Friday, July 13, 2007

What's It Mean to Be a Marketer?

Hello, I’m Valeria Maltoni, and I’m a marketer. What exactly does that mean these days? That is aside from the obvious laundry list of tactics that are associated with the “marketing” brand. Yes, dear colleagues, let’s admit it -- by and large, we’re still seen as order takers.

It’s also our fault. Before you move onto the next post, let’s agree on the qualities that make a good marketer today. We need to be good at (the highlights):


DailyFixLadder.gif

How many of you have put these skills to use in the course of your daily work? There is a reason why the list is ordered that way. Many of us climb the first couple of rungs of that ladder really well, yet we rarely get to the others. Why?

The problem, as I see it, is that we don’t do a good job at selling ourselves. Ladies and gentlemen, what people often see is the end result, the campaign, the ads, the program. So they come to the obvious conclusion that that’s where marketing resides. Marketing = tactics.

You’re not convinced yet. You’re thinking that rookies make that mistake; they are too inexperienced to articulate the value of what they do to senior management. Consultants do a better job at this. Their clients hire them on the strength of their being able to articulate what they bring to the table.
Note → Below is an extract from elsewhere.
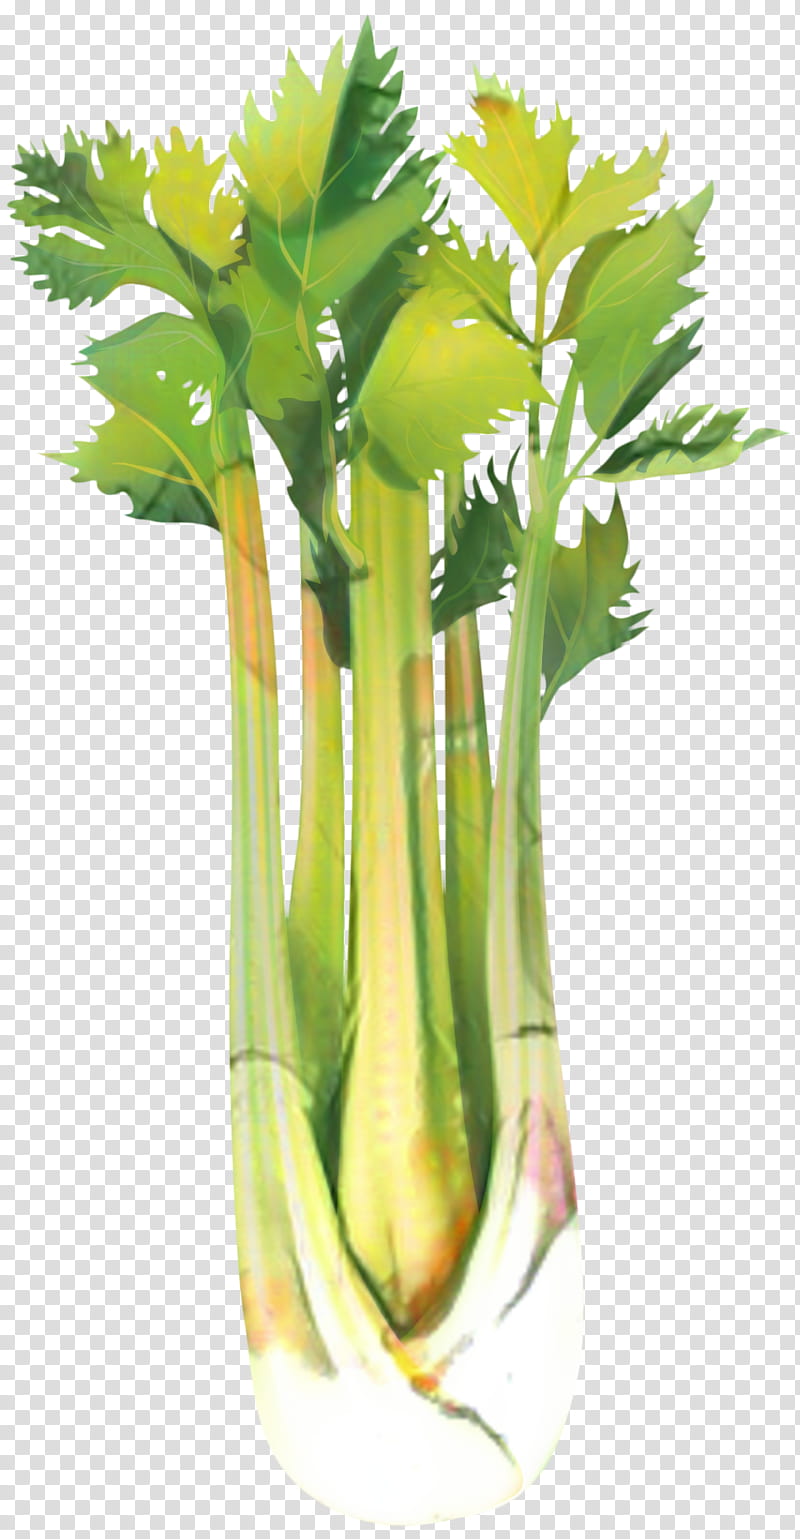 Flower, Celeriac, Vegetable, Food, Leaf Celery, Greens, Plant, Plant Stem transparent background PNG clipart

What if I told you a brief story that illustrates how a top-notch marketer made the classic advertising rookie mistake? The following story is extracted with slight edits for length from the book Rebuilding Brand America by Dick Martin, former VP Public Affairs at AT&T.

After 9/11, the President decided that we needed to do a better job telling the Brand America story. So who did he turn to? Charlotte Beers, the first woman to rise to the top of two agencies, Ogilvy & Mather and J. Walter Thompson –- making her the most prominent woman in advertising.
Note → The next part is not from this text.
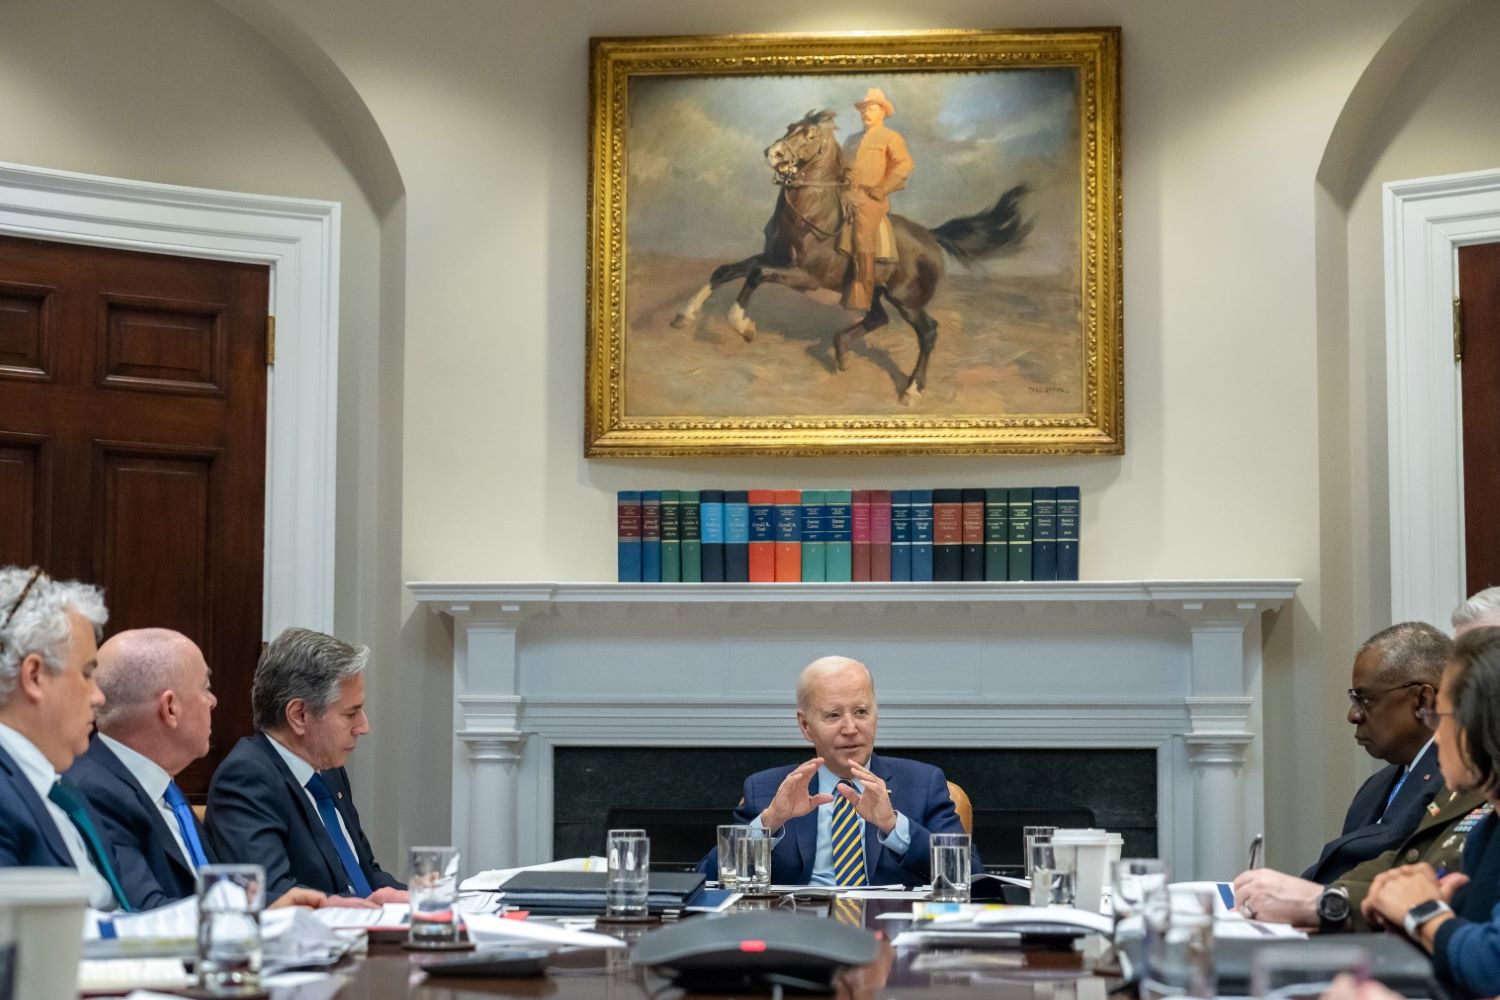 Biden is hosting a meeting

Secretary Colin Powell turned to “the Queen of branding,” “the Queen of advertising,” or “the Queen of schmoozing,” as people called her. His idea was that we needed to sell democracy, the product of a free enterprise system –- the American value system.

Beers went at it in earnest, doing her research, meeting with people, and working around the clock to come up with the “Shared Values” campaign, a $15MM effort. The response was good, but the campaign didn’t work. Why?

Ms. Beers gave her client what he wanted rather than what he needed. Two major forces where against her:

1. She was not familiar with the intricacies and bureaucracies of reconciling the mandate from Secretary Powell and the complex web of communication offices at the State Department and across the administration. Her sense of urgency blinded her to the fact that she needed to research and understand the dynamics of this organization.

The lesson: know the environment in which you move really well, do your due diligence, speak with key stakeholders, and find the gatekeepers and the internal network’s nodes.

2. She jumped on a running train. She sat in on conference calls where the president’s communications director, Karen Hughes, was already leading State and Defense Departments staffers in writing the message of the day and plotting political strategy.

What happens when you’re put in charge of getting a message out and someone else is already doing it? The due diligence would have uncovered that many of these decisions had already been made. How about going back to the people who put you in charge and request that the business support you as the new lead?

The lesson: your first priority should be to set strategic direction. Find those people within your organization who set the tone from the operational side and partner with them.

You may also find, as Ms. Beers did, that there aren’t enough staff and resources allocated to your department. That will need to wait for another conversation.

Repeat after me, next time someone comes to you requesting a brochure, or a web site, or an ad, what do you say?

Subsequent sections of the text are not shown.